Your problem is not because of macros but because of the for loop lowering, which does not change the expn_id so in_macro ignores it.

@mcarton
Copy link
Contributor

mcarton commented Feb 29, 2016

Also I’m not sure about that lint being Warn by default, it would lint foo_x and foo_y but not x and y and it would lint for item in items. Looks like a lot of false positive.

@oli-obk
Copy link
Contributor Author

oli-obk commented Feb 29, 2016

Also I’m not sure about that lint being Warn by default, it would lint foo_x and foo_y but not x and y and it would lint for item in items. Looks like a lot of false positive.

sgtm

@oli-obk
Copy link
Contributor Author

oli-obk commented Feb 29, 2016

Your problem is not because of macros but because of the for loop lowering, which does not change the expn_id so in_macro ignores it.
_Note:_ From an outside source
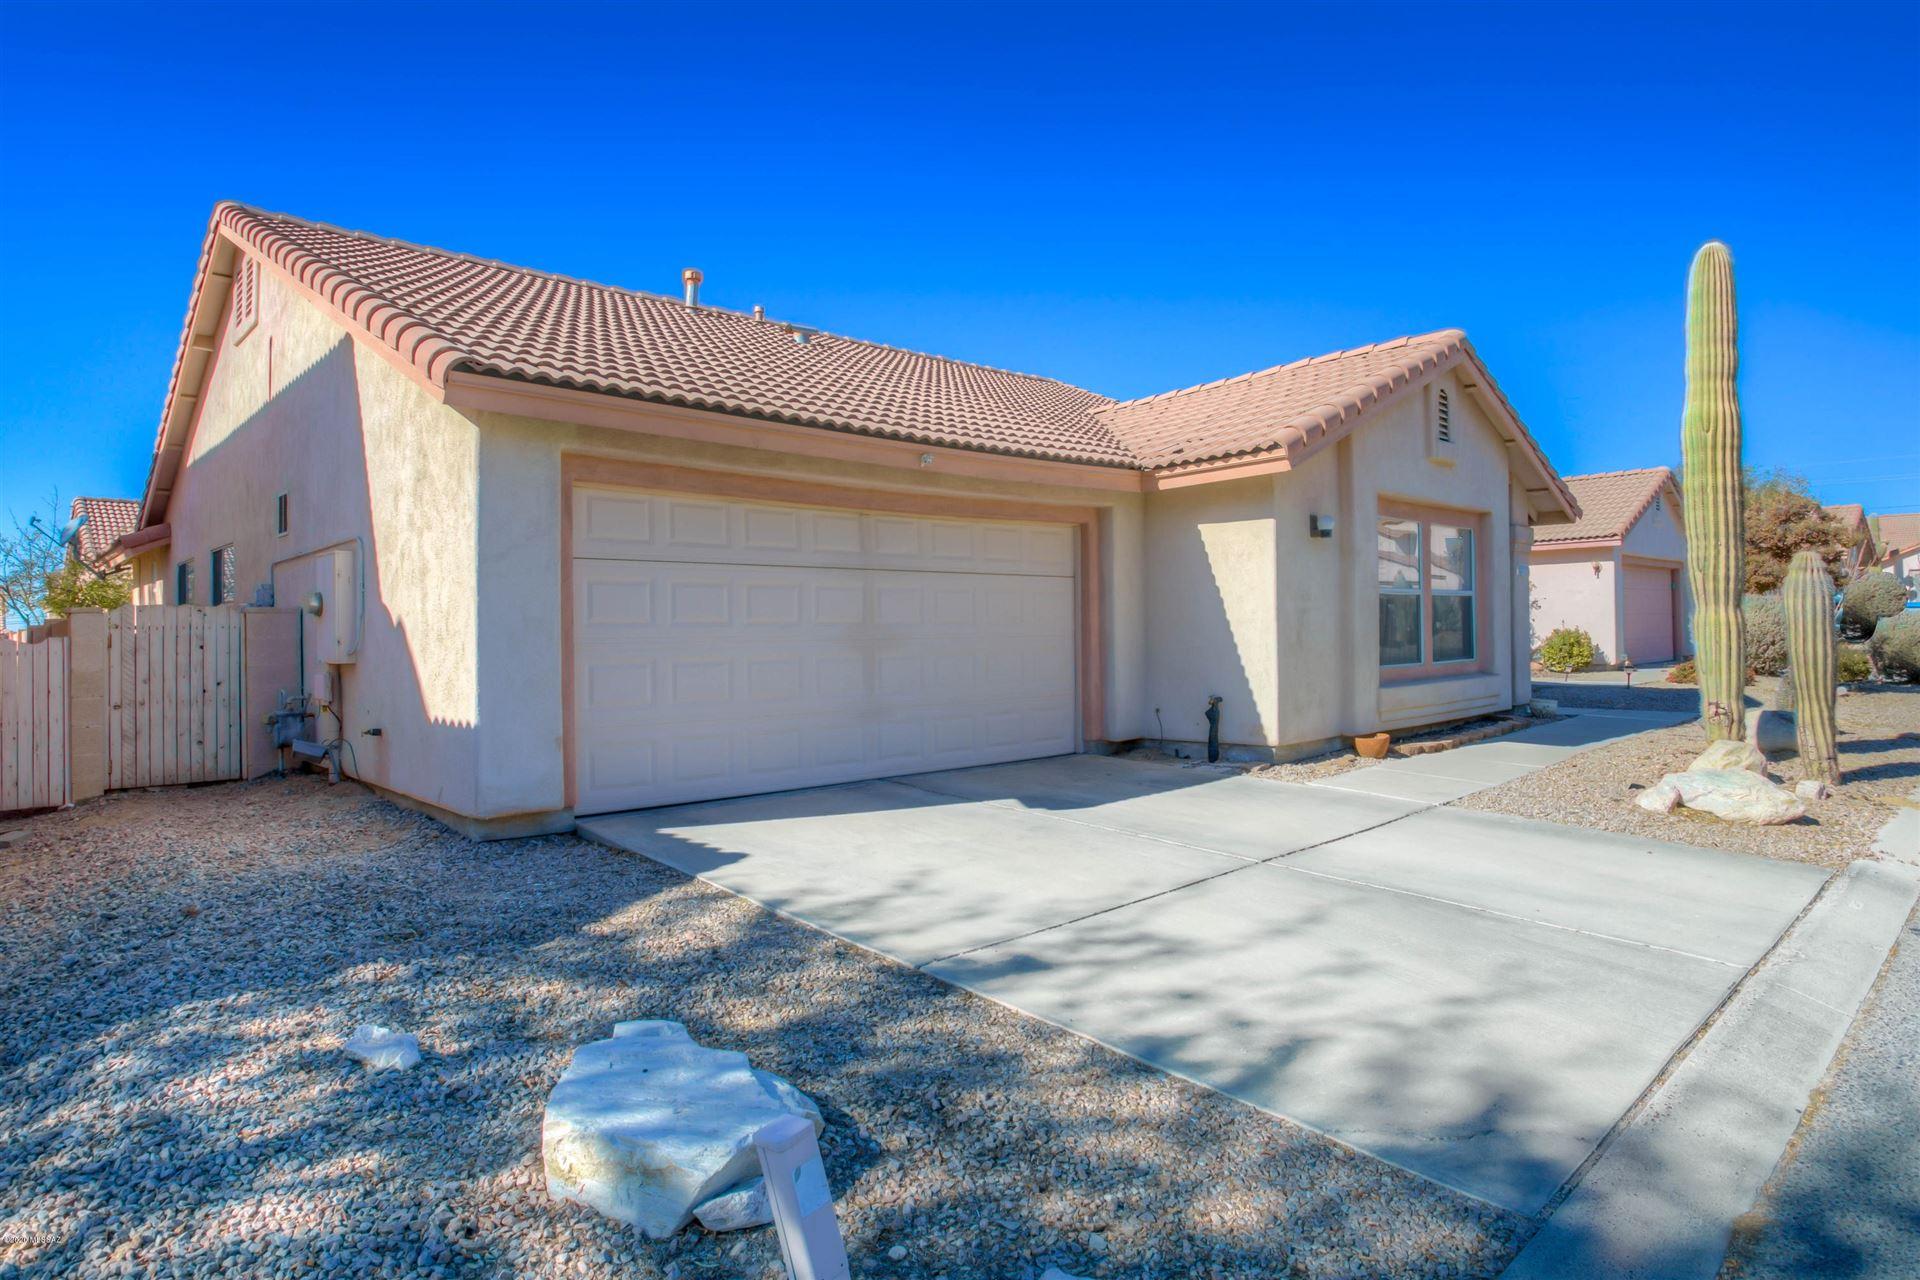 9961 N Outlaw Trail, Tucson, AZ 85742 - #: 22030243

http://manishearth.github.io/rust-internals-docs/syntax/codemap/struct.ExpnInfo.html suggests that if let also changes the expn_id... so it's a bug that for doesn't change it?

@mcarton
Copy link
Contributor

mcarton commented Feb 29, 2016

I don’t think that’s what it suggest (ok, let’s say the doc is not up-to-date 😄, NameAndSpan clearly shows that only macros are supposed to have an ExpnInfo). The span for the ident that causes your error is the span of the entire for loop because the ident comes from the loop desugaring, but the expn_id of that span is not changed. Looking at the source, it looks like this is intentional and consistent with if let and for desugaring.

@mcarton
Copy link
Contributor

mcarton commented Feb 29, 2016

BTW, why don’t you make that an EarlyLint? This happens before desugaring.

@oli-obk oli-obk changed the title WIP: lint on binding-names that are too similar lint on binding-names that are too similar Mar 1, 2016
@oli-obk
Copy link
Contributor Author

oli-obk commented Mar 1, 2016

made it an EarlyLint and got rid of false positives by going through the following list:

  1. white-listed lhs and rhs
  2. white-listed everything that begins with a whitelist element + underscore
  3. white-listed everything that ends with an underscore + whitelist element
  4. allow everything that only differs in the first char, and the first char is separated from the rest with an underscore
  5. allow everything that only differs in the last char, and the last char is separated from the rest with an underscore

@@ -90,12 +90,12 @@ impl Constant {
impl PartialEq for Constant {
fn eq(&self, other: &Constant) -> bool {
match (self, other) {
(&Constant::Str(ref ls, ref lsty), &Constant::Str(ref rs, ref rsty)) => ls == rs && lsty == rsty,
(&Constant::Str(ref ls, ref l_sty), &Constant::Str(ref rs, ref r_sty)) => ls == rs && l_sty == r_sty,
Copy link
Contributor

Choose a reason for hiding this comment

The reason will be displayed to describe this comment to others. Learn more.

I don’t think there is any value added by all those _, IMO it’s as easy to distinguish between l and r as between l_ and r_. The lint seems more annoying than usefull :s

Copy link
Contributor Author

Choose a reason for hiding this comment

The reason will be displayed to describe this comment to others. Learn more.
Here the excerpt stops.